Новости
Искусственный интеллект научили писать Java-код
Группа исследователей из университета Райса (США) развивает интеллектуальный ассистент разработчика Bayou, позволяющий частично автоматизировать процесс написания кода на языке Java. Проект использует алгоритмы глубинного машинного обучения и модель, натренированную на примерах рабочего Java-кода, представленного на GitHub. Наработки проекта открыты под лицензией Apache 2.0, код написан на Java и Python. Модель машинного обучения реализована при помощи платформы Tensorflow и инструментария scikit-learn.
Как описывает OpenNET, на основе задаваемых разработчиком меток c упоминанием методов API и типов данных, которые следует использовать в коде, Bayou позволяет синтезировать готовые программные блоки с реализацией шаблонов использования Java API, соответствующих контексту уже имеющегося кода.

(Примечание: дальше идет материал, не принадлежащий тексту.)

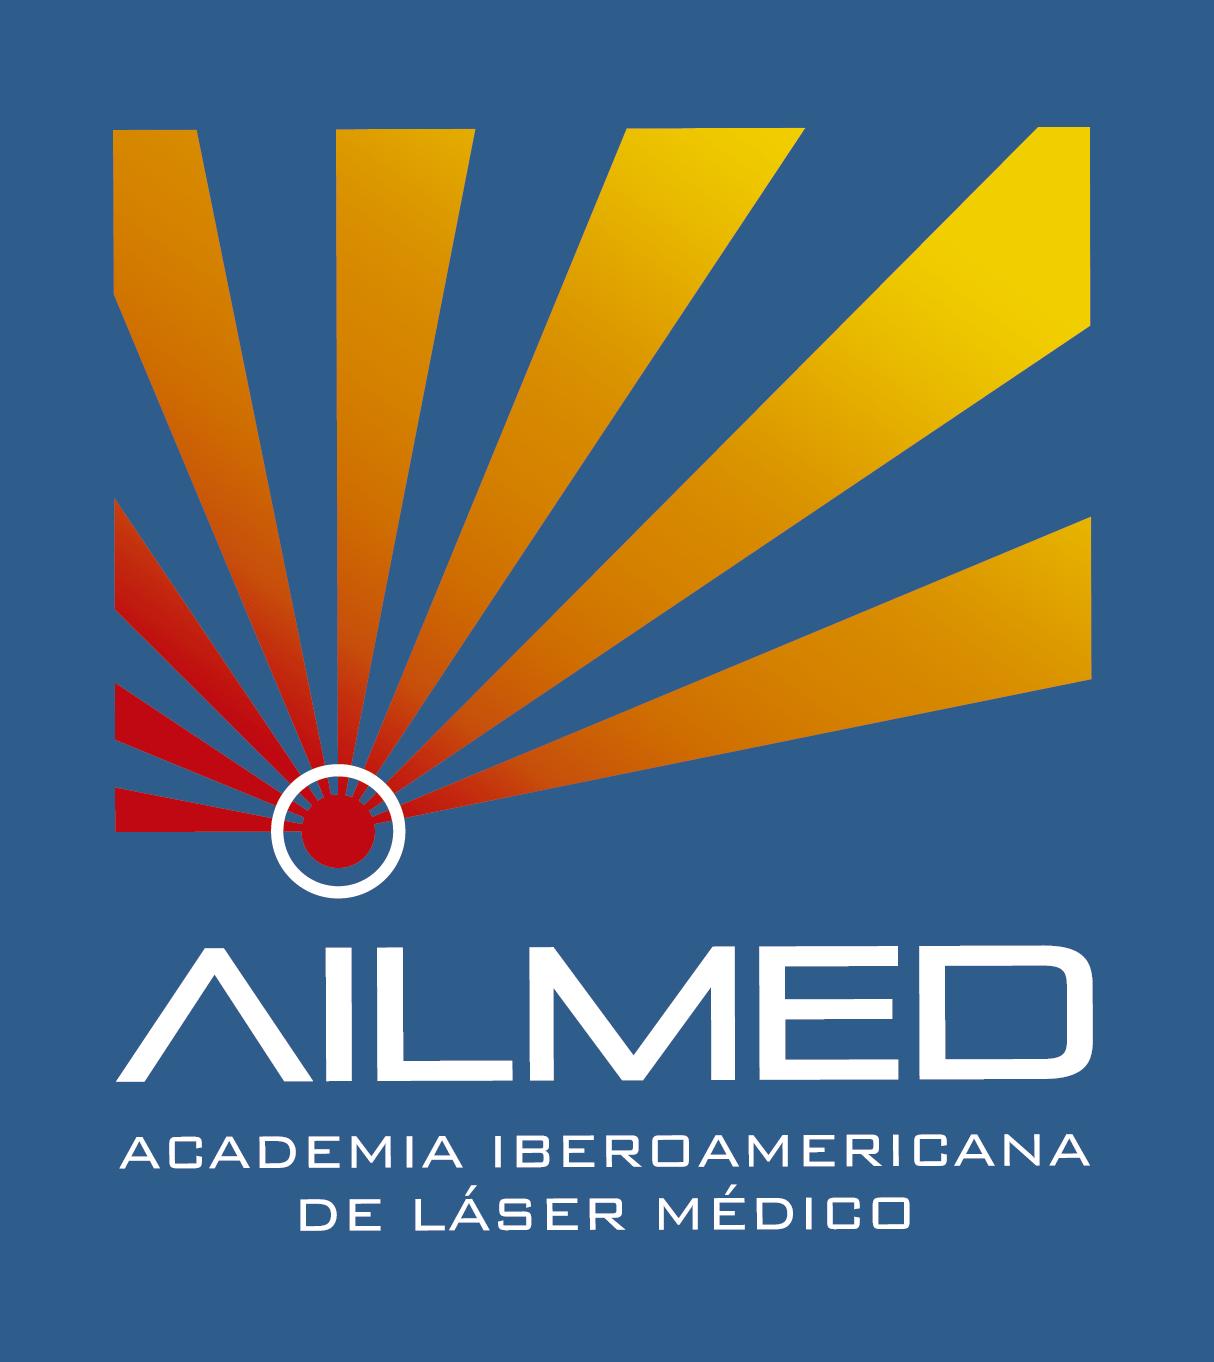 AILMED

Иными словами, Bayou позволяет использовать методы машинного обучения для воплощения парадигмы разработки copy&paste, при которой разработчик находит и использует готовые куски кода, применяемые в других проектах.

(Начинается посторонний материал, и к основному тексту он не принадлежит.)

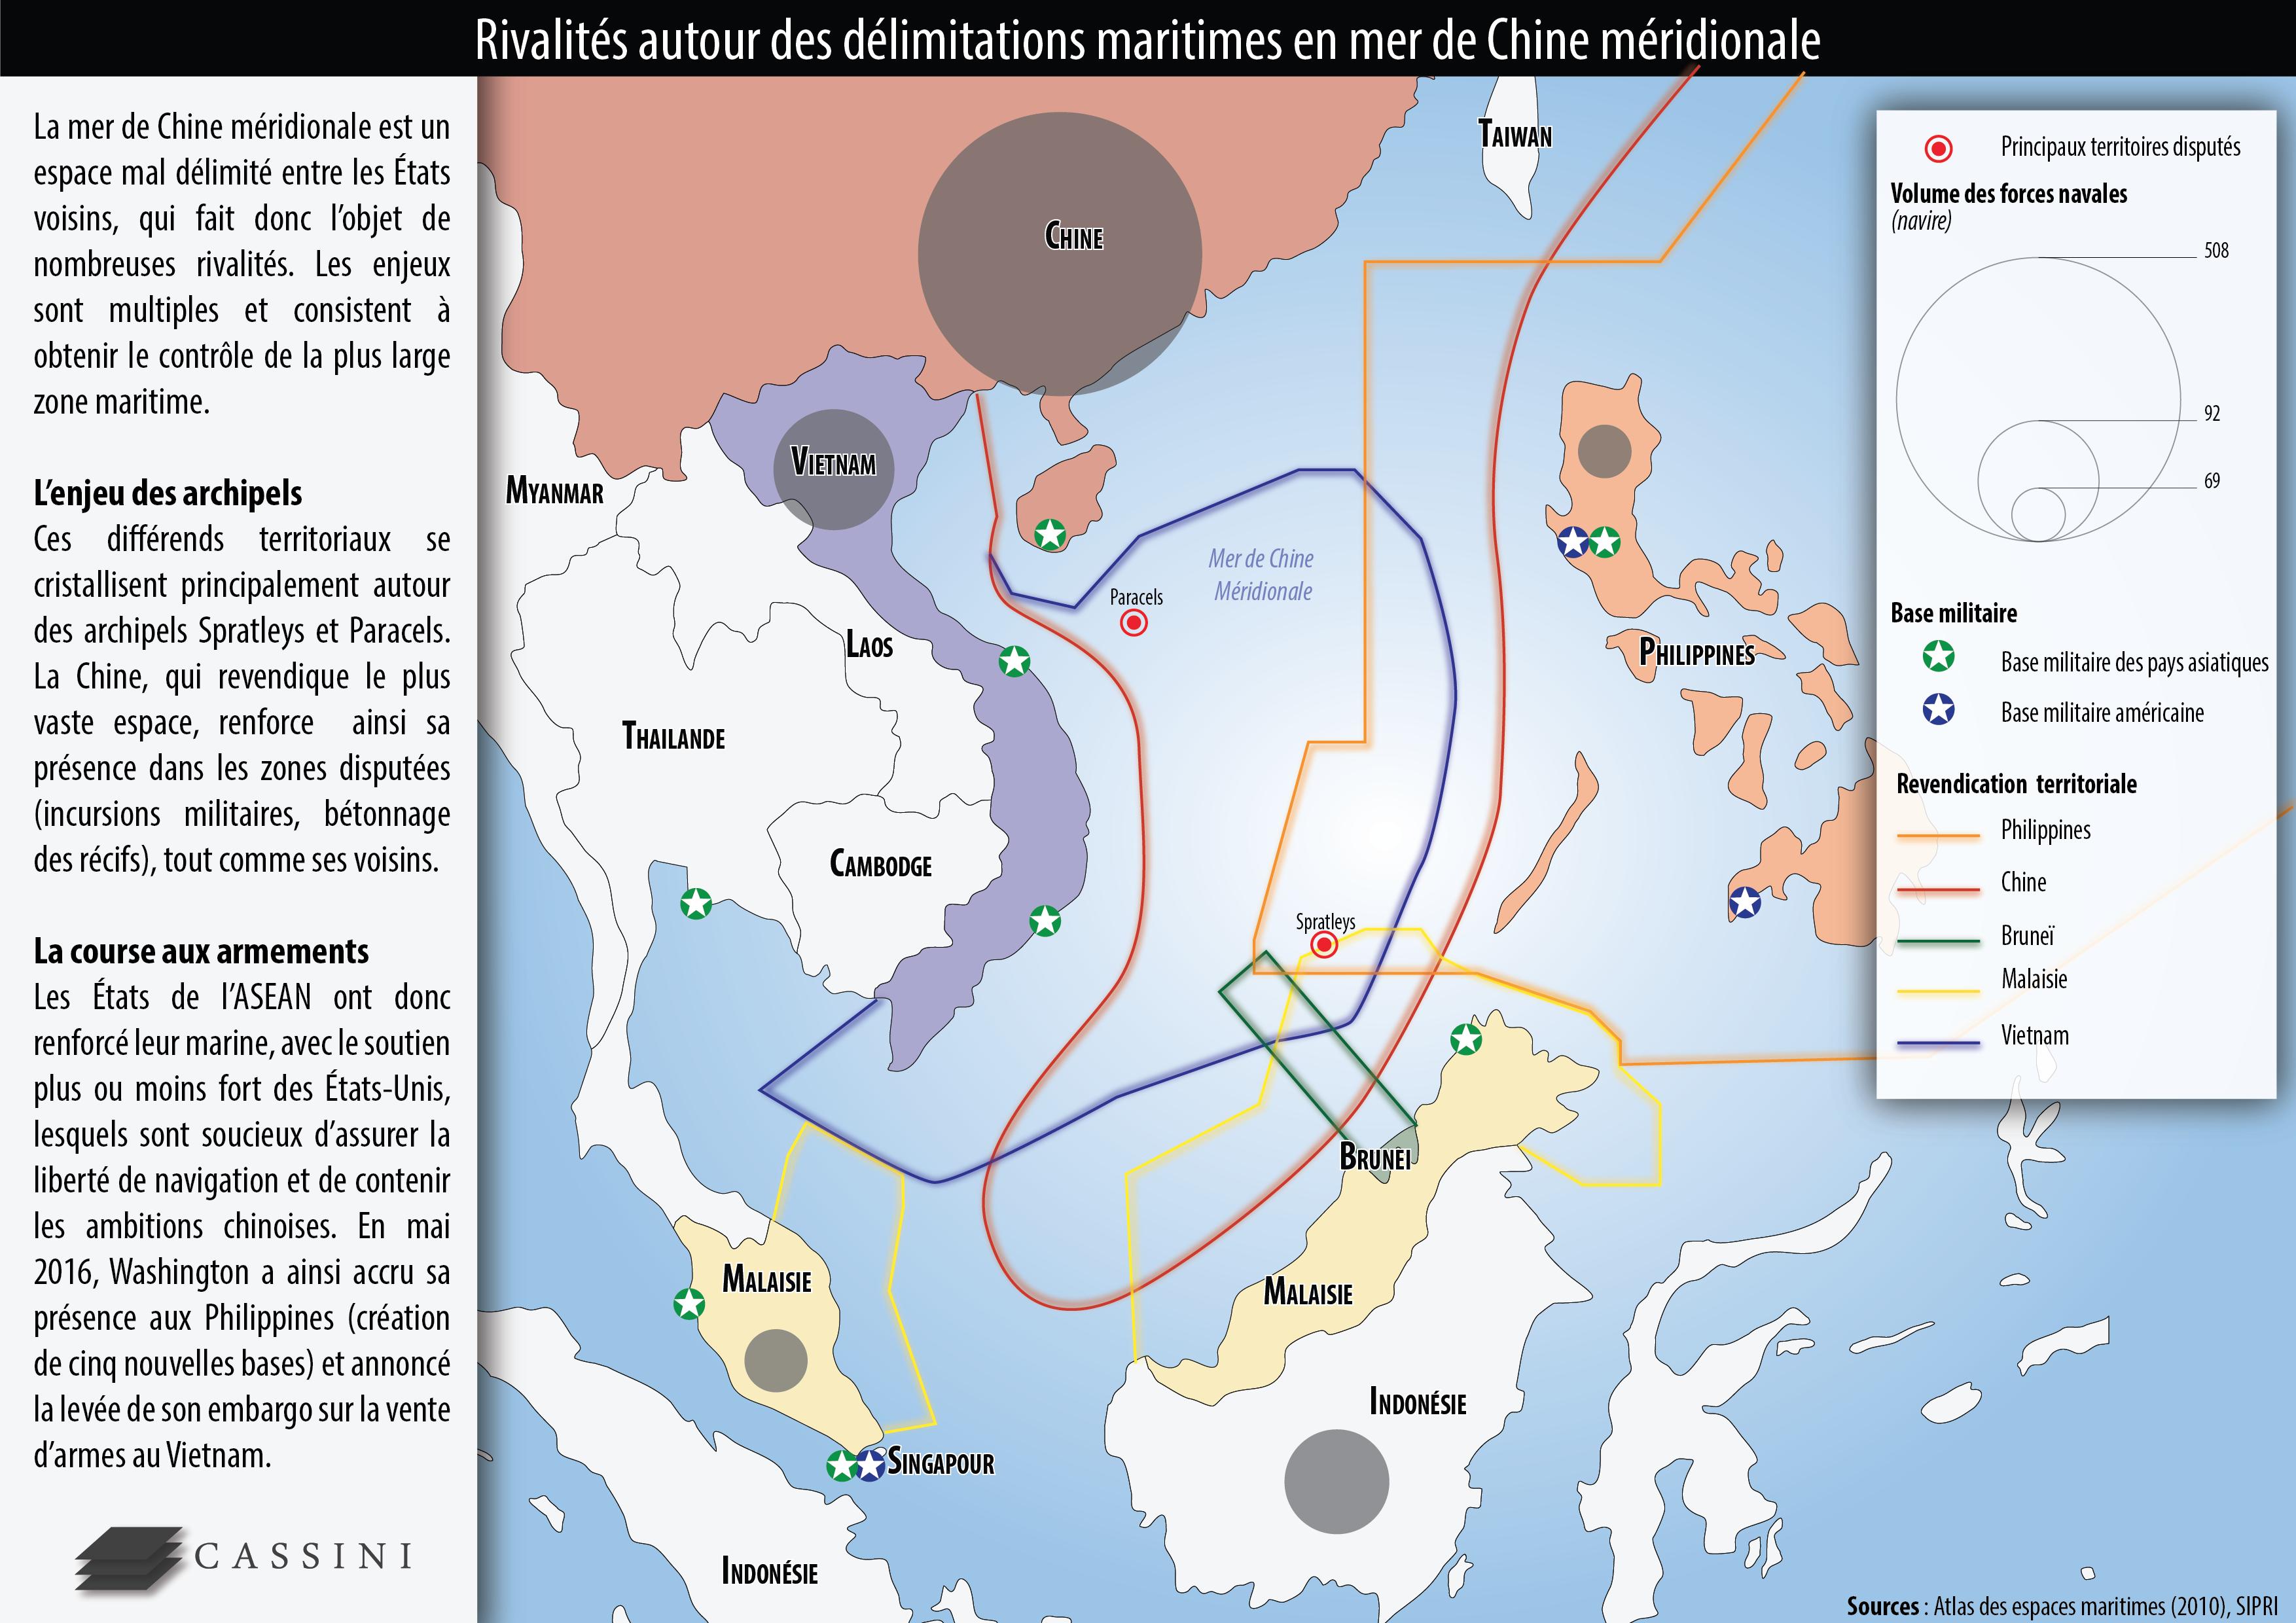 Enjeux Et Rivalites En Mer De Chine Meridionale Chine Carte Chine Meridional

В целом Bayou преподносится как более умная система автодополнения кода, не просто дополняющая отдельные конструкции, а способная предлагать достаточно большие и сложные фрагменты кода, включающие обёртки для использования API, циклы и обработчики исключений. Со временем на базе Bayou планируется подготовить плагины к интегрированным средам разработки, которые позволят по мере набора кода разработчиком интерактивно предлагать подходящие по контексту куски кода.

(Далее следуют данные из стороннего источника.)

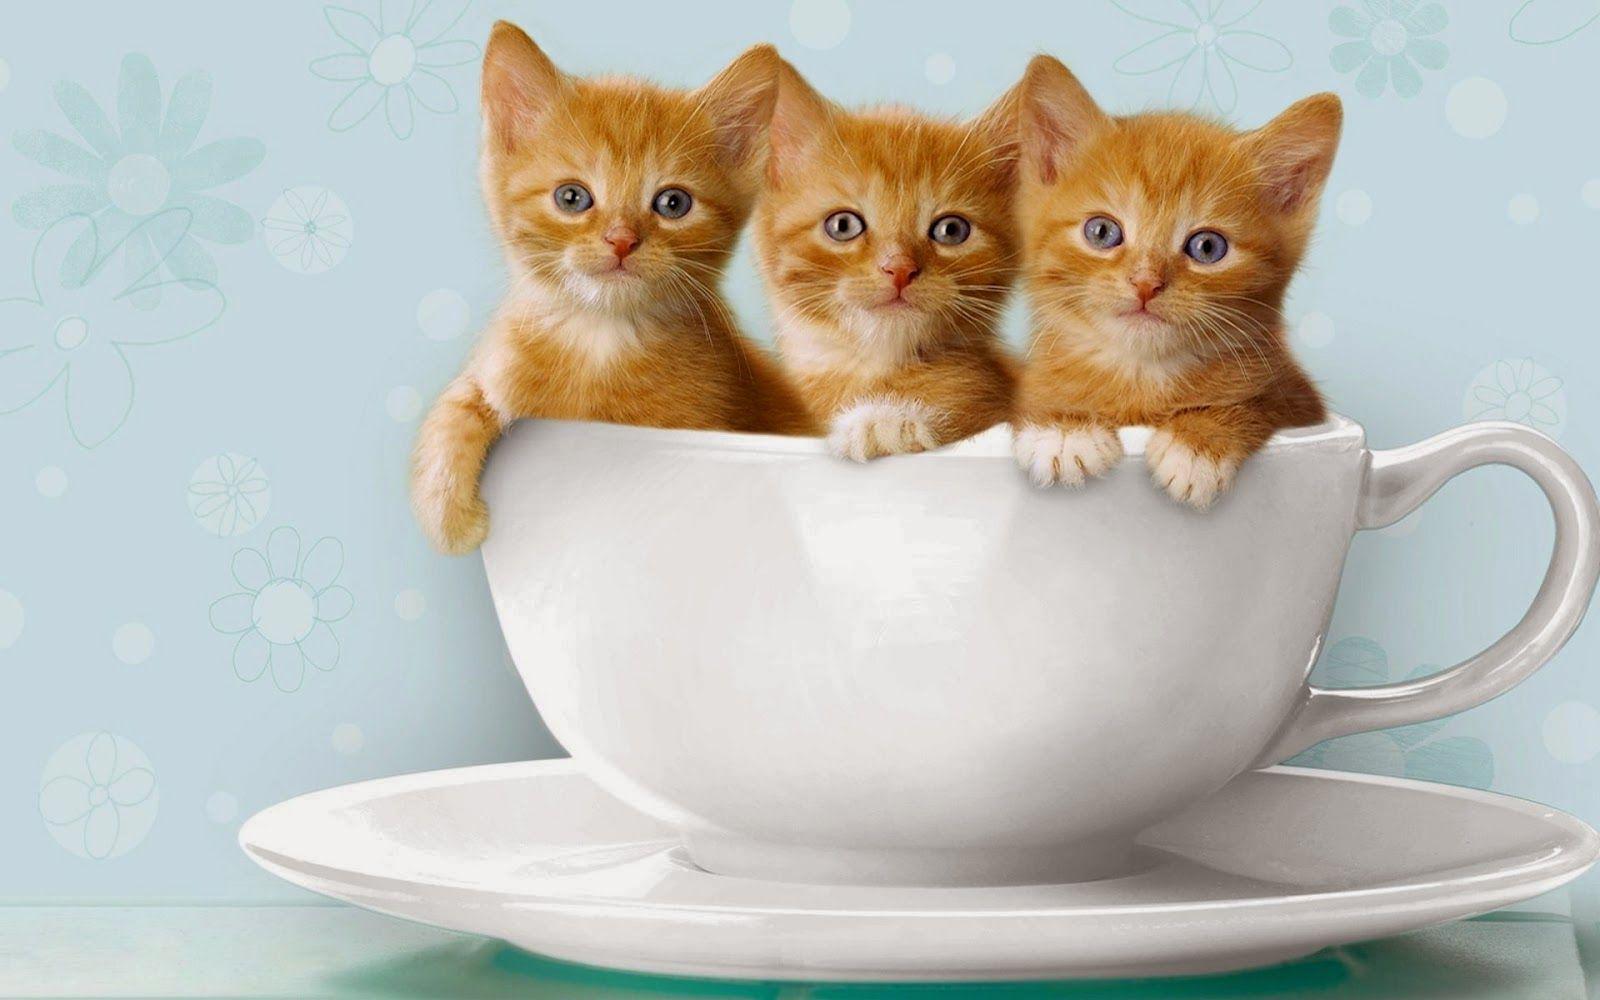 Download wallpaper Kucing Lucu6

Online-демонстрацию возможностей Bayou можно найти на данной странице. Например, при возникновении задачи написания кода для чтения из файла разработчик может добавить метку «{ /// call:readLine }»:
import java.io.File;
public class Test {
void read(File file) {
{
/// call:readLine
}
}
}
После обработки данной конструкции будет предложен готовый вариант кода:
import java.io.BufferedReader;
import java.io.File;
import java.io.IOException;
import java.io.FileNotFoundException;
import java.io.FileReader;
public class TestIO {
void read(File file) {
{
FileReader fr1;
BufferedReader br1;
String s1;
try {
fr1 = new FileReader(file);
br1 = new BufferedReader(fr1);
s1 = br1.readLine();
} catch (FileNotFoundException _e) {
} catch (IOException _e) {
}
return;
}
}
}
В процессе тренировки нейронной сети исходные тексты абстрагируются в древовидную синтаксическую модель, в которой отсутствуют конкретные низкоуровневые имена и операции, но сохраняется общая структура управления кодом, порядок вызова методов API и типы данных, передаваемые и возвращаемые этими методами. В нейронной сети данная информация используется для сопоставления сформированных моделей кода и задаваемых разработчиком меток.
В текущем виде система требует задания достаточно точных меток, не поддерживает указание масок для типов и может использовать лишь ограниченный набор API (java.lang, java.io и java.util). В будущем разработчики намерены реализовать возможность формирования запросов на естественном языке и добавить функциональность интерактивной оболочки, позволяющей выбирать разные варианты кода и уточнять свои пожелания. В более отдалённой перспективе планируется обеспечить генерацию более сложного кода, включающего группы методов или классов.